MPI run error with cuda

I install pyfr1.14.0 and run examples/euler_vortex_2d case with mpi, and I got an error like this :


What’s wrong with me ?

How many GPUs do you have in your system?

Regards, Freddie.

Are there cuda enabled device available on the node you are working on? And is Cuda available?

Try nvcc --version and nvidia-smi

In this system I have only one A100 GPU

If you only have a single GPU then you should only be running with a single MPI rank. When two ranks are launched the first rank will request the first GPU and the second rank will request the second GPU. However, if your system only has a single GPU then this will yield an invalid device error.

Regards, Freddie.

However, in Pyfr 1.13.0 I can run this example with 2 mpi rank with cuda, is mpi automatically assigned in the new version?

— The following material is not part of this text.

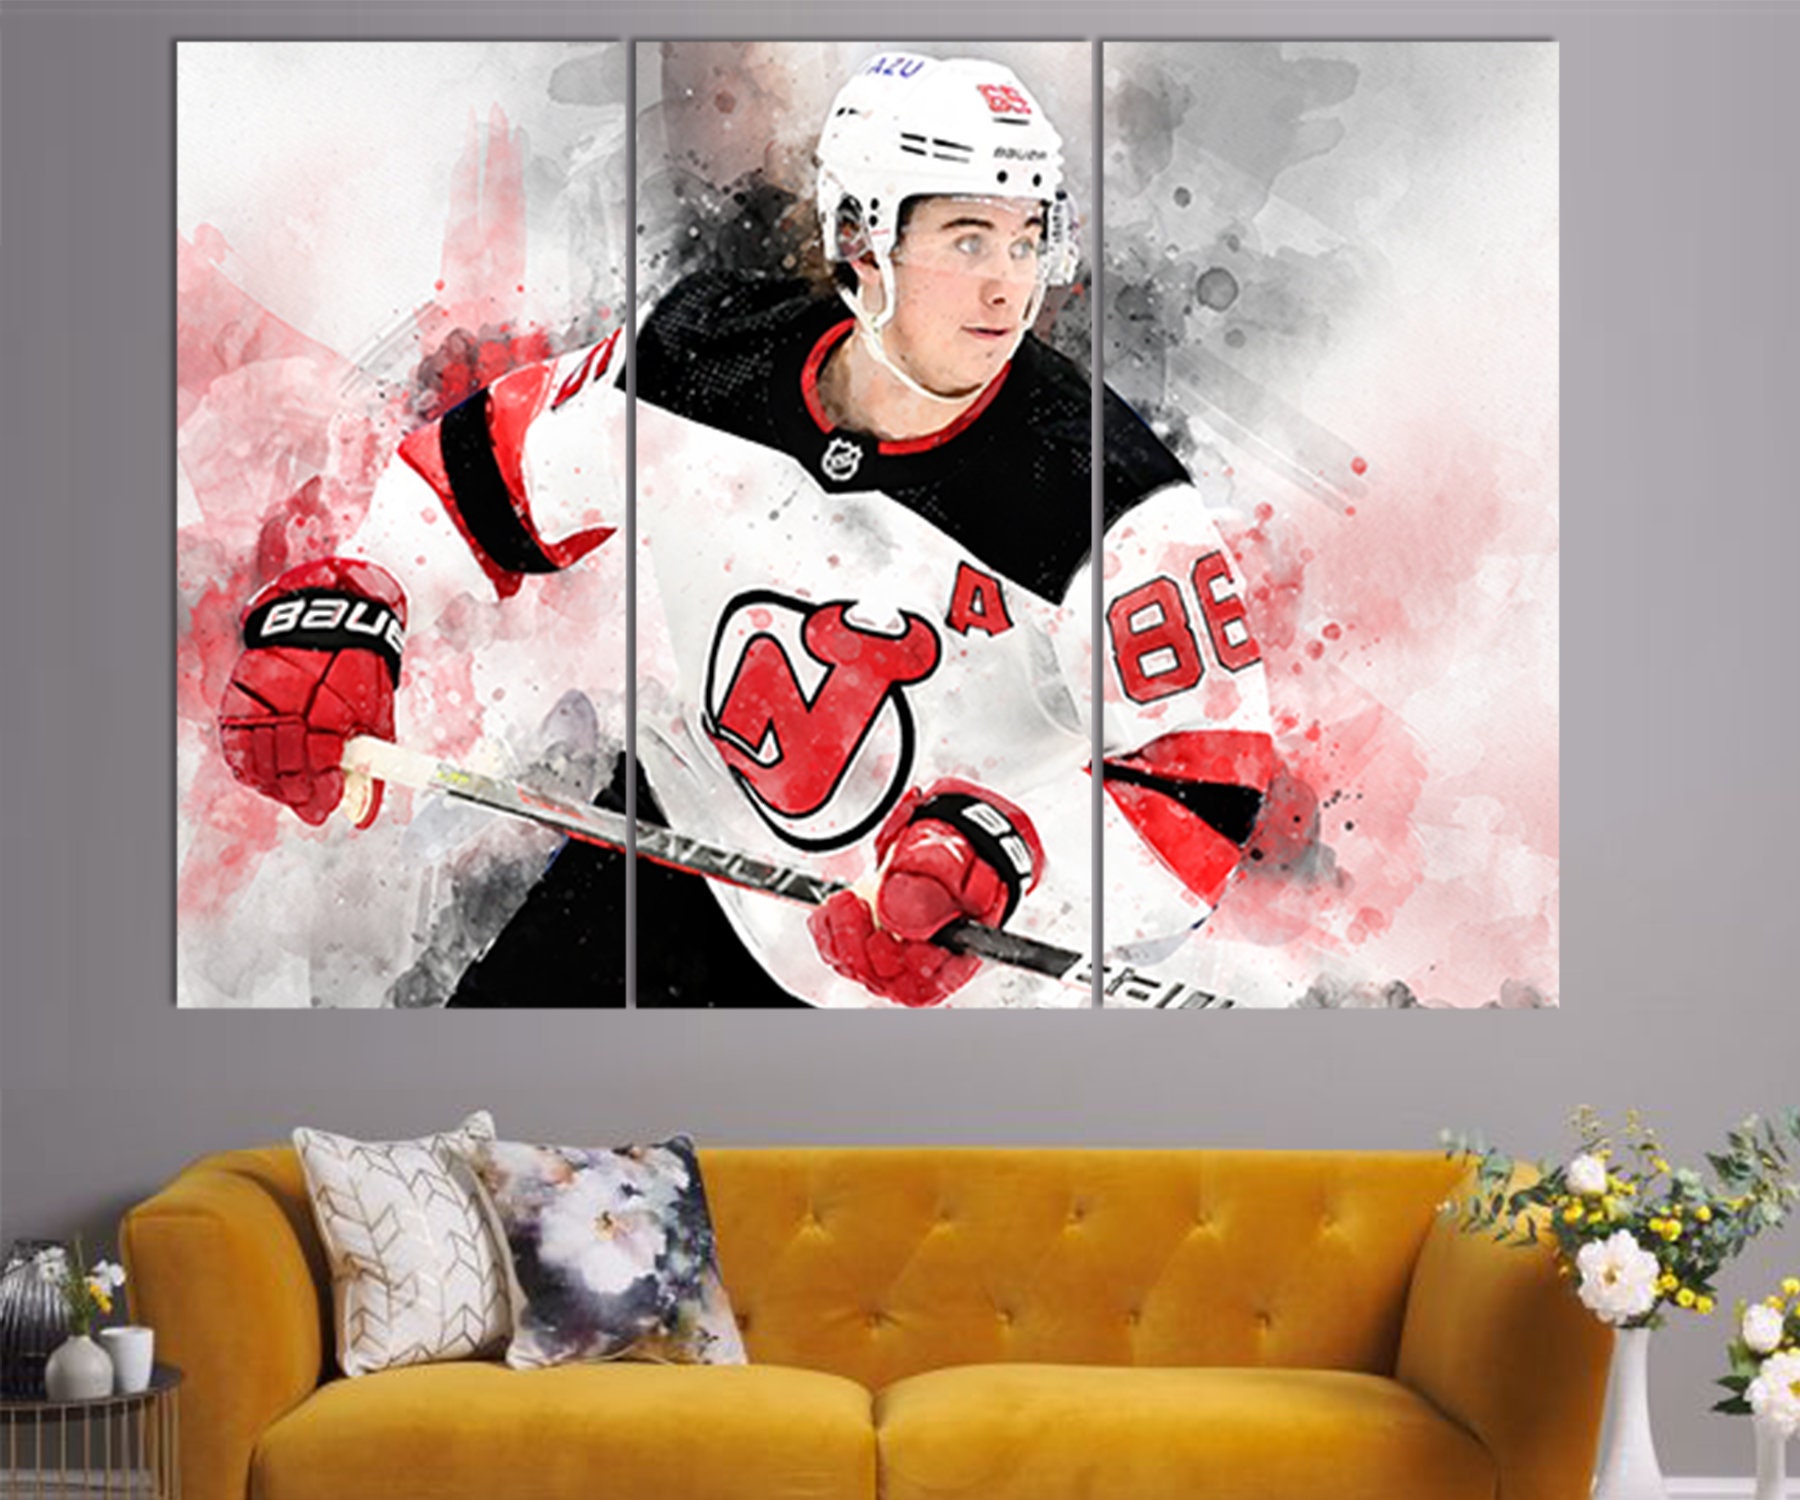 Jack Hughes Ice Hockey American Professional Blanket Gift For Fan

The behaviour of the CUDA backend was changed in the most recent release to be in line with that of HIP and OpenCL. Running multiple ranks on the same GPU results in very bad performance.

Regards, Freddie.

Thank you very much !

Hi @luli,

Just a thought: in case you are trying to develop or validate MPI codes, you can set your single A100 to run as 7 “distinct” GPUs, and then launch 7 MPI ranks:

This way (if one has an A100) one can develop for exascale on a (10kg micro ATX) shoebox!